ASSIGNMENT: Leave out the pictures and repeat the data exactly.

---------- THE DATA ----------

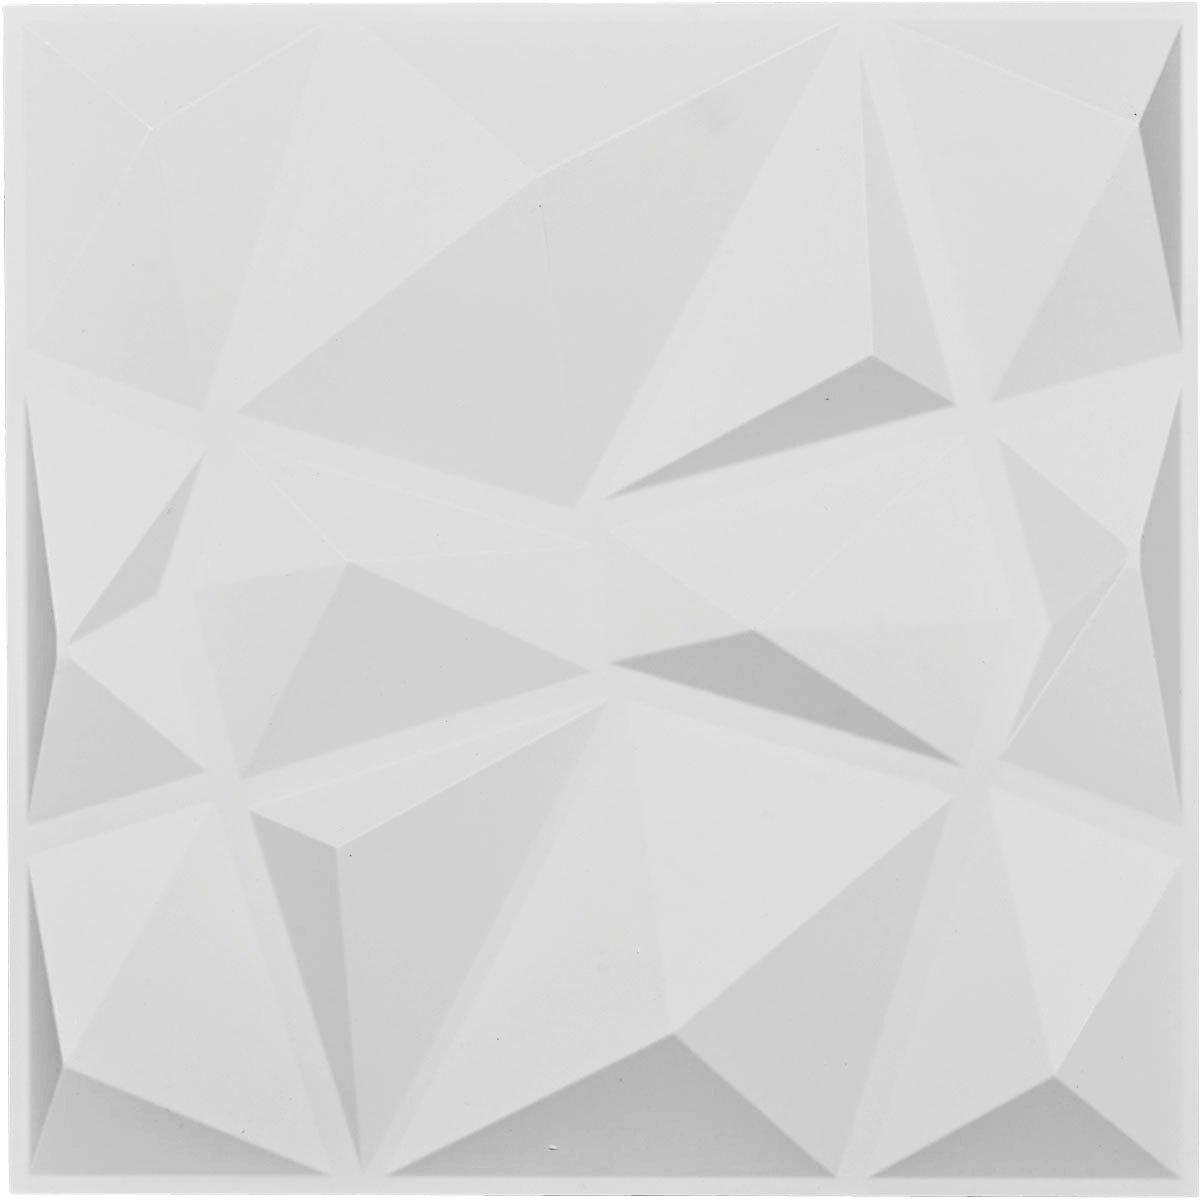 Ekena Millwork WP20X20NIWH 19 5/8''W x 19 5/8''H Niobe EnduraWall Decorative 3D Wall Panel, White
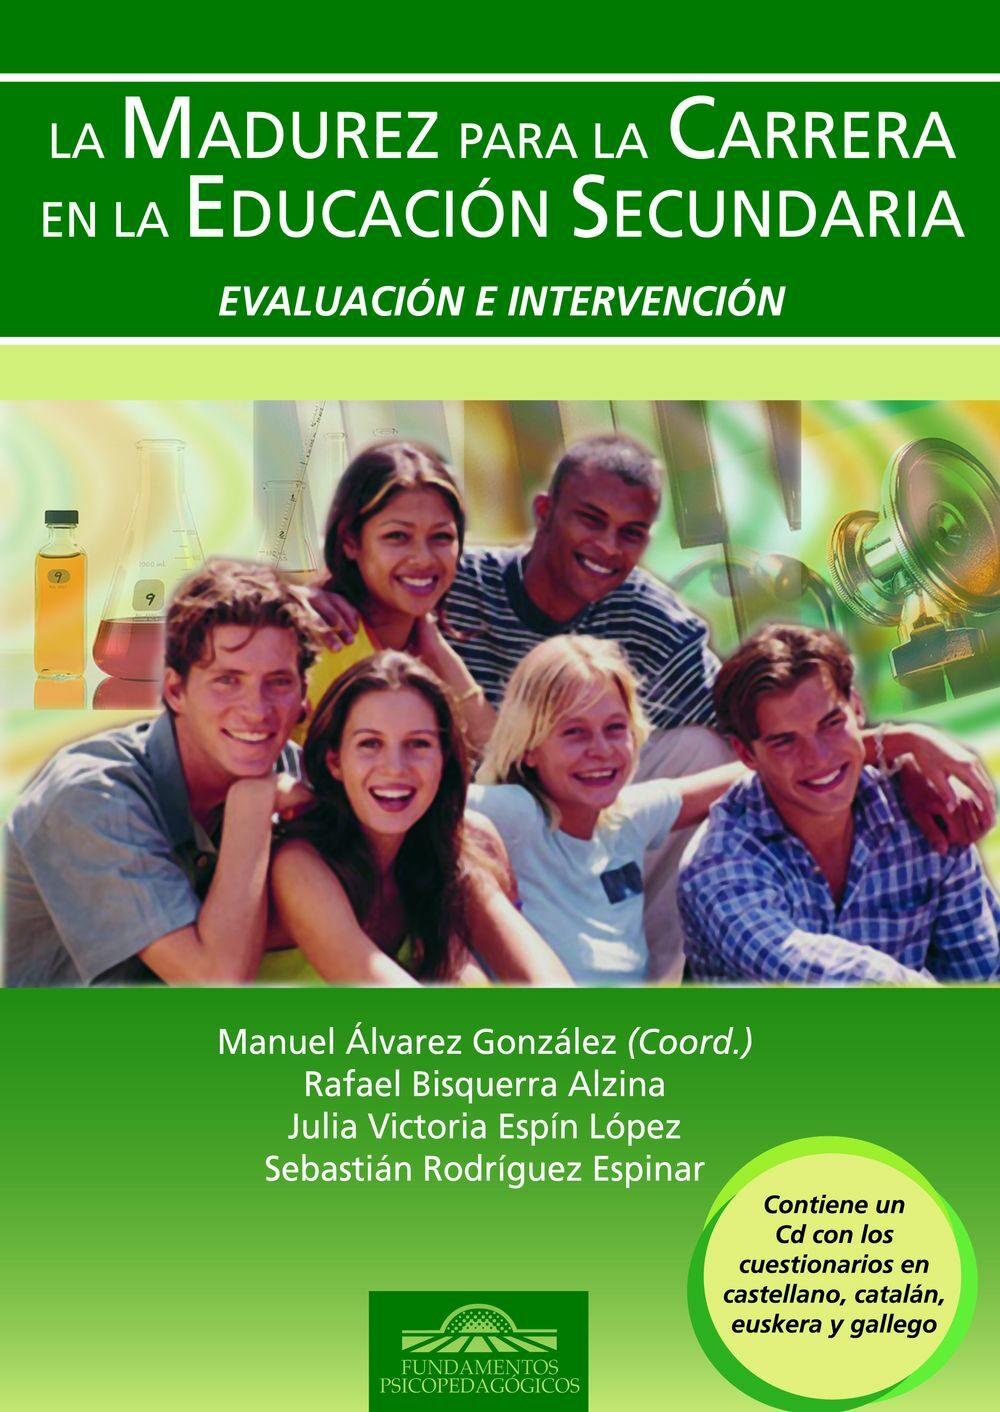 La Madurez Para La Carrera En La Educacion Secundaria. Evaluacion E Intervencion ( Contiene Cd ) por Manuel Alvarez Gonzalez epub
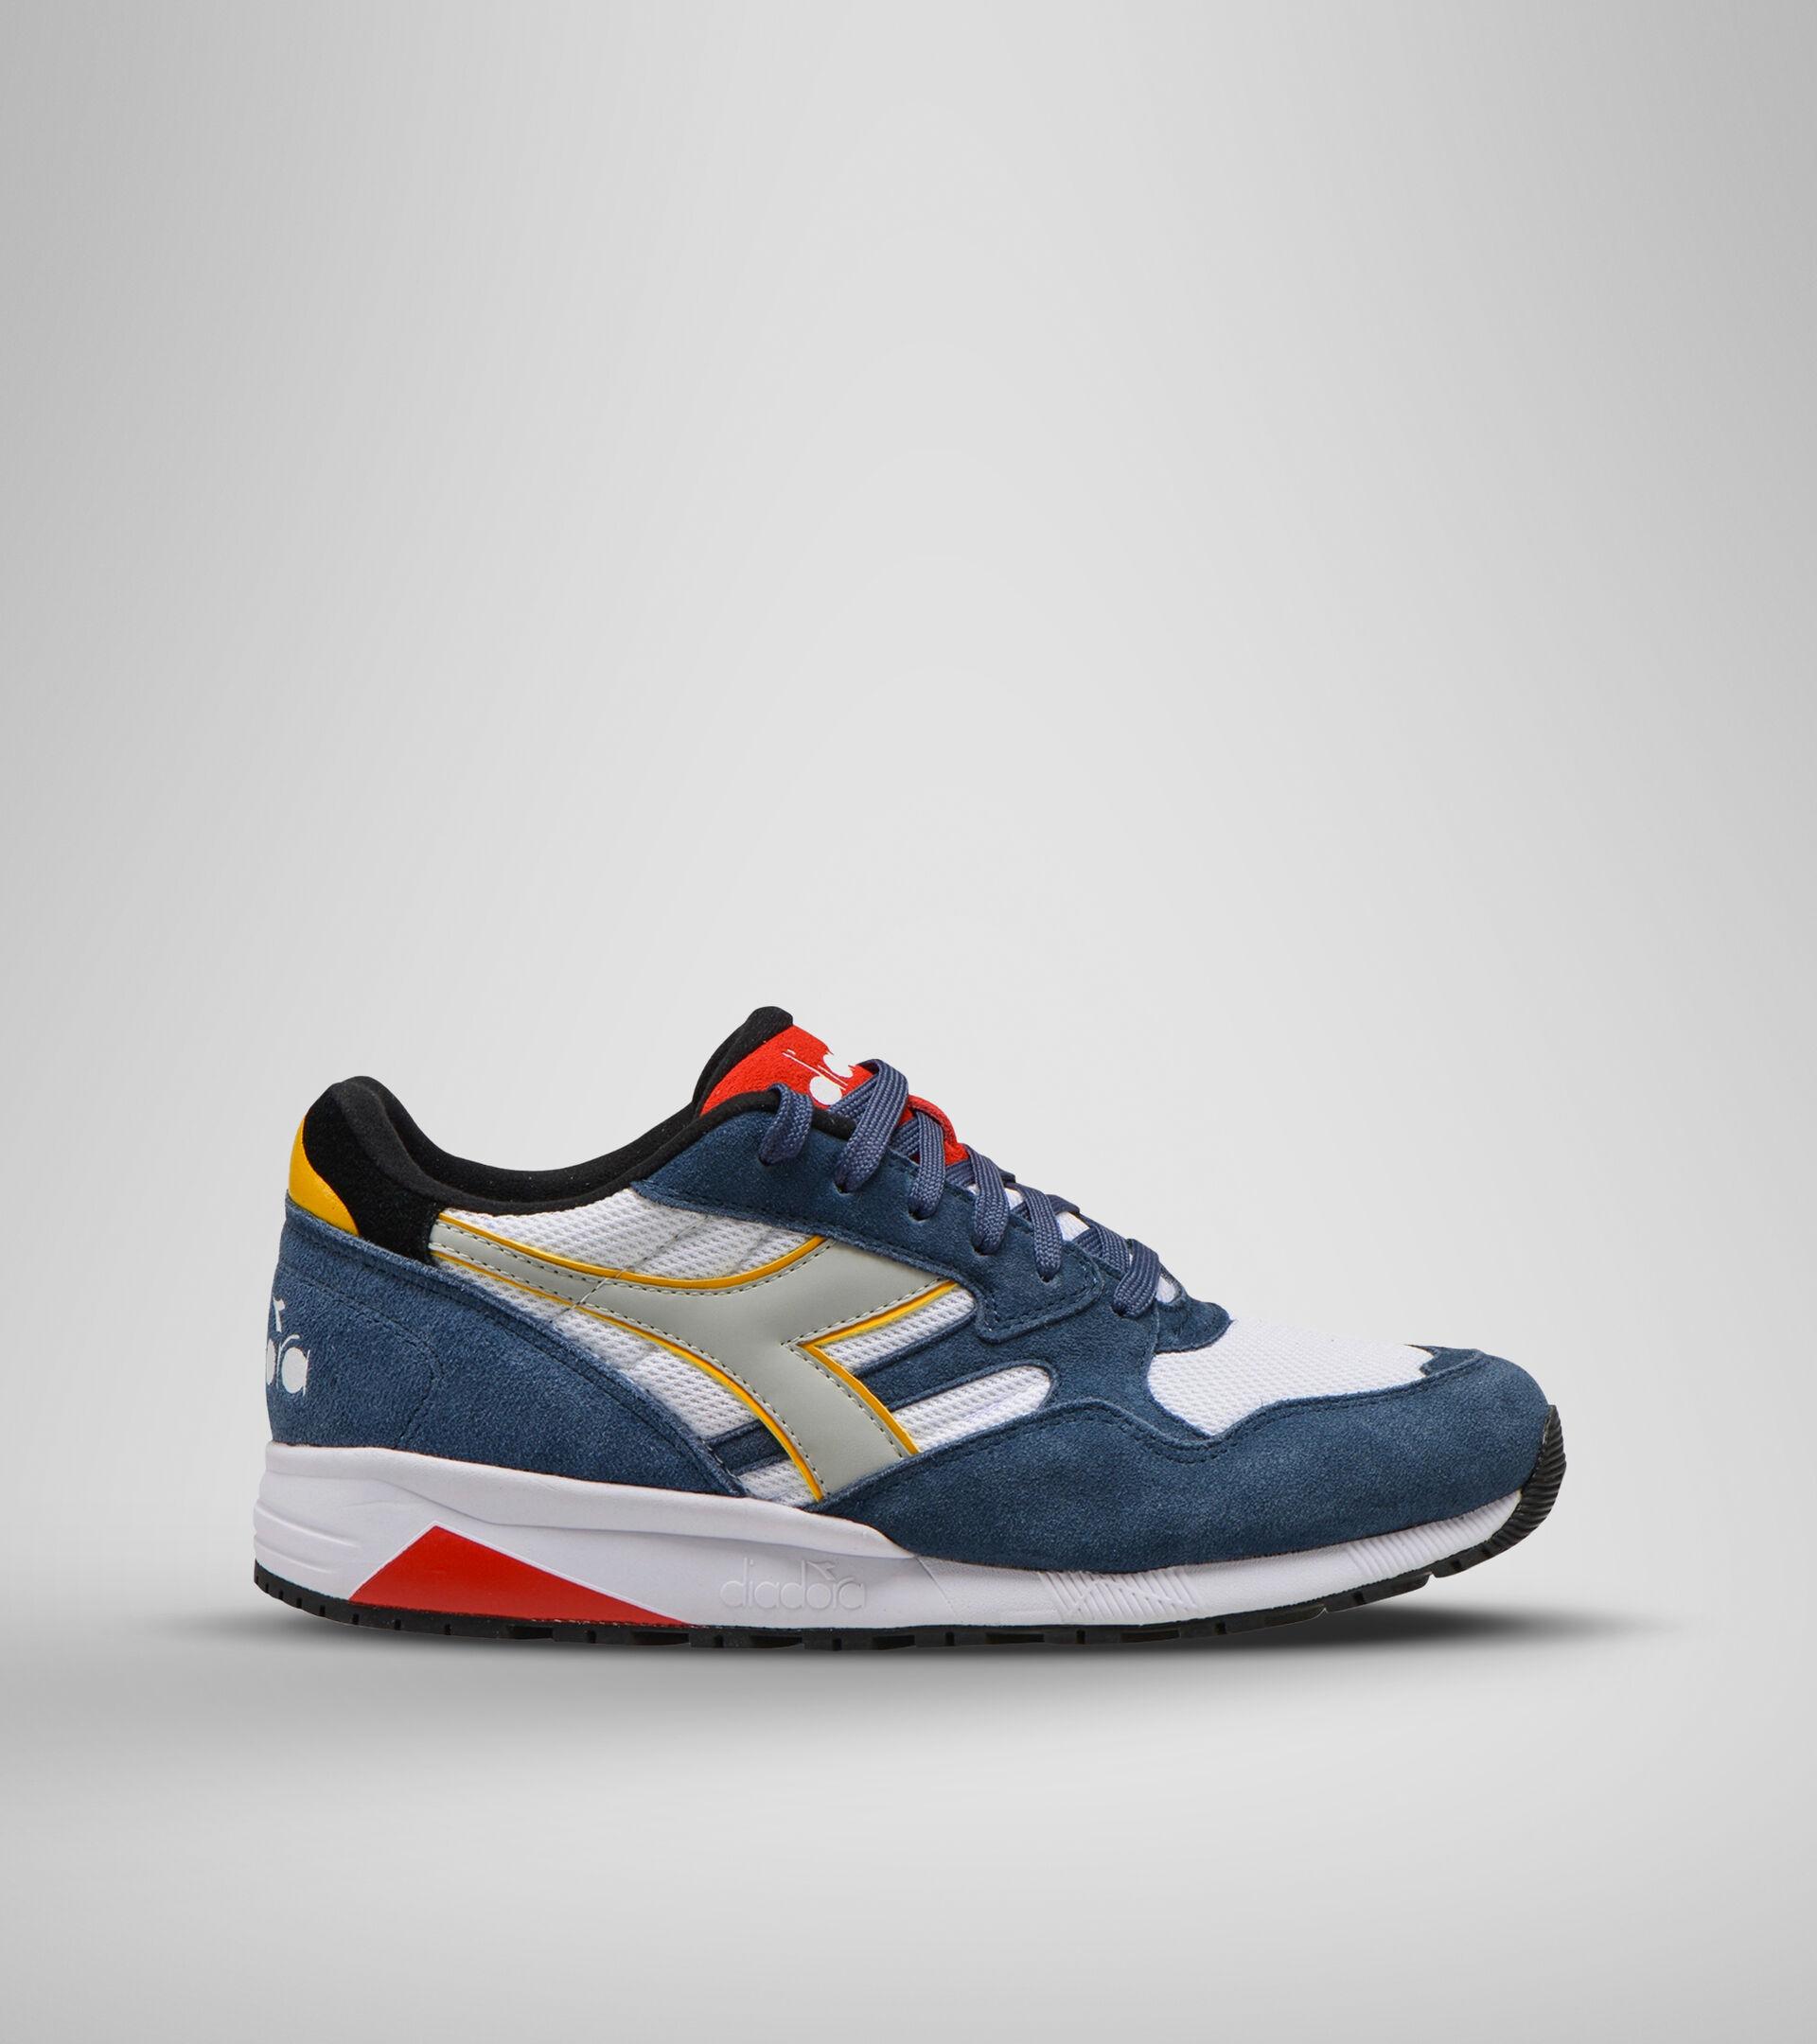 Footwear Sportswear UNISEX N902 S DARK DENIM/WHITE/FIERY RED Diadora

----------

RESPONSE:
 Ekena Millwork WP20X20NIWH 19 5/8''W x 19 5/8''H Niobe EnduraWall Decorative 3D Wall Panel, White
 La Madurez Para La Carrera En La Educacion Secundaria. Evaluacion E Intervencion ( Contiene Cd ) por Manuel Alvarez Gonzalez epub
 Footwear Sportswear UNISEX N902 S DARK DENIM/WHITE/FIERY RED Diadora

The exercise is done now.